"Dave Stallard" <st******@nospam.netwrote in message
news:0O******************************@comcast.com. ..
So, I'm looking at some code that does 770K malloc calls in a row, of
varying size, paired with corresponding freads from a binary file to
initialize. In total, about 58 MB of data is allocated an initialized.
Unsurprisingly, this takes a good bit of time.

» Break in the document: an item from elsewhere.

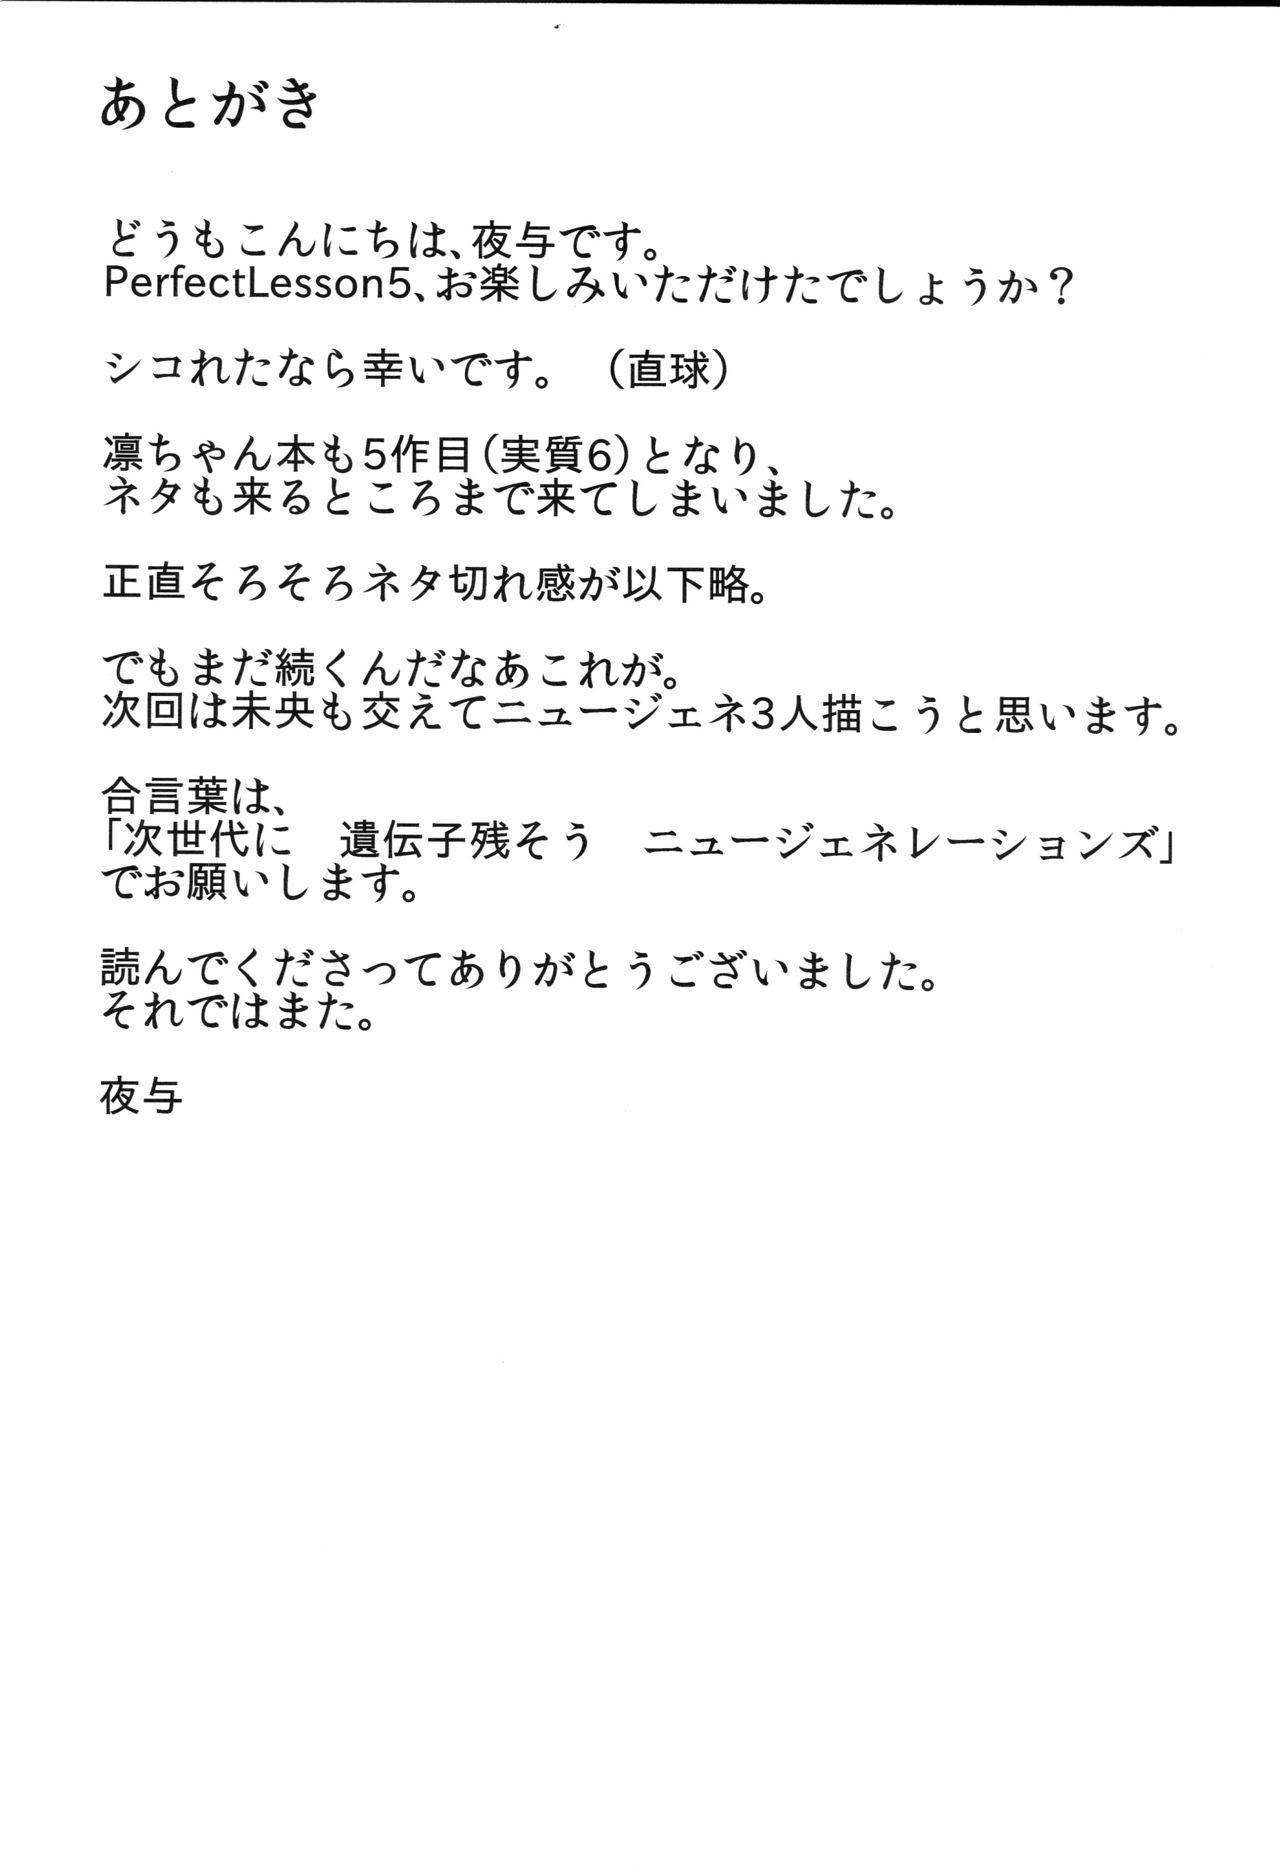 Perfect Lesson 5 Idol Haisetsu Stage 25

Question: Wouldn't it be a lot more efficient to allocate this 58 MB in
one big gulp, then fread in the 58 MB of data from the file to initialize
it, rather than a zillion small calls?
Maybe. It would be faster to allocate 58MB in one call then 770k calls for
smaller chucnks, quite a bit faster (maybe even 770k times faster). Also,
you will need 770k places to hold the pointers to the allocated memory with
smaller calls, just one pointer with the bigger call.
However, alignment can be an issue. Consider you want to read, say, a
character and an integer. On your system (for example) char has sizeof 1,
integer has sizeof 4. So you may allocate 5 bytes. Then read the character
then the integer. However, misaligned integers on some systems are slower
(mine) than an aligned one, and on some systems will cause a program crash.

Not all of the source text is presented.